Buguélès, 29 mars 1993
Chère Claudette,
[…]
Tu me manques. Je m'ennuie de nos longues conversations téléphoniques, de mes visites impromptues, de nos rencontres matinales autour d'un café. Tu me manques surtout depuis que le printemps est ici en Bretagne et que de multiples pousses sortent de terre et dévoileront bientôt des fleurs sans doute connues, mais que je ne pourrais nommer. Quand nous nous reverrons, en mai, je te promets que je serai plus attentive à tes cours de botanique.

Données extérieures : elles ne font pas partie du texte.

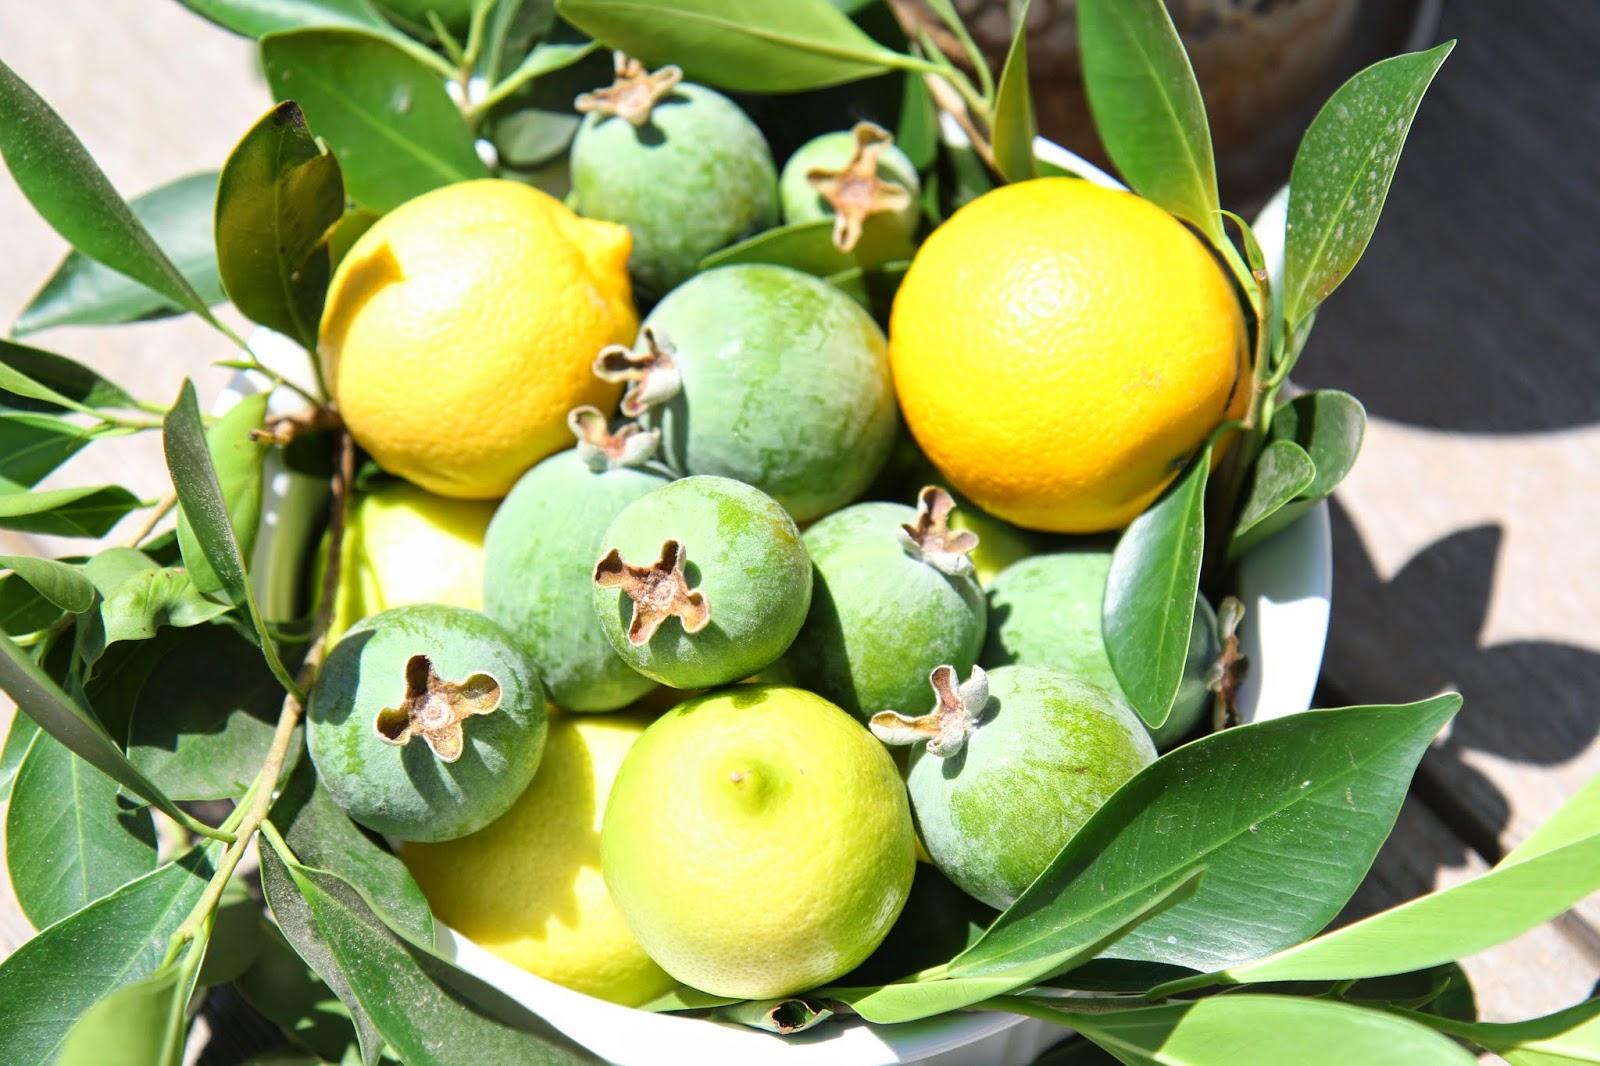 Lemons, Oranges, and Guavas: Simple Summer Fruit Bowl; Nora's Nest
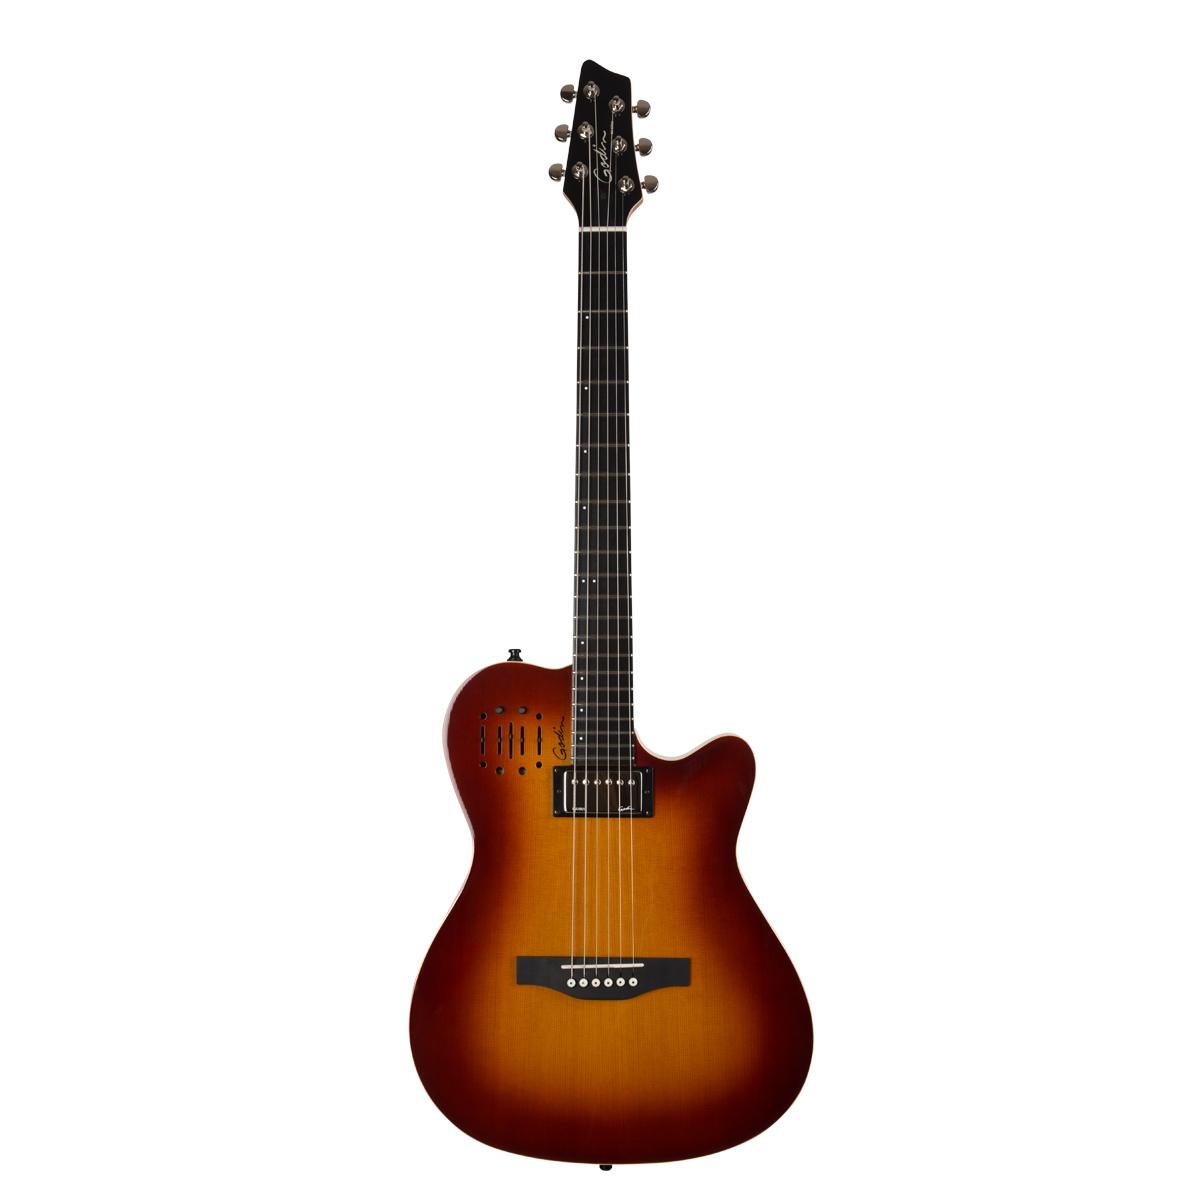 Godin 30286 A6 Ultra Cognac Burst Acoustic Electric Guitar

Que se serait-il passé si, à l'époque de mon premier divorce, nous n'avions pas été toutes les deux si branchées sur l'hétérosexualité, si accrochées à nos interminables remises en question? Te souviens-tu de toutes ces heures passées à nous raconter nos misères, nos amours hétérosexuelles déçues, nos meurtrissures, notre quête de l'absolu? Et quand tu as vendu ta maison de l’Île, te souviens-tu de ces longues fins de semaines où tu m'hébergeais dans ta banlieue pour permettre au père de mes enfants de prendre la relève? Tu es même allée jusqu’à me prêter ta maison pour certains de mes ébats amoureux clandestins.
Quinze ans plus tard, nous sommes toujours des amies, et pour ton amitié et ton soutien, je te suis reconnaissante. Voilà c’est dit!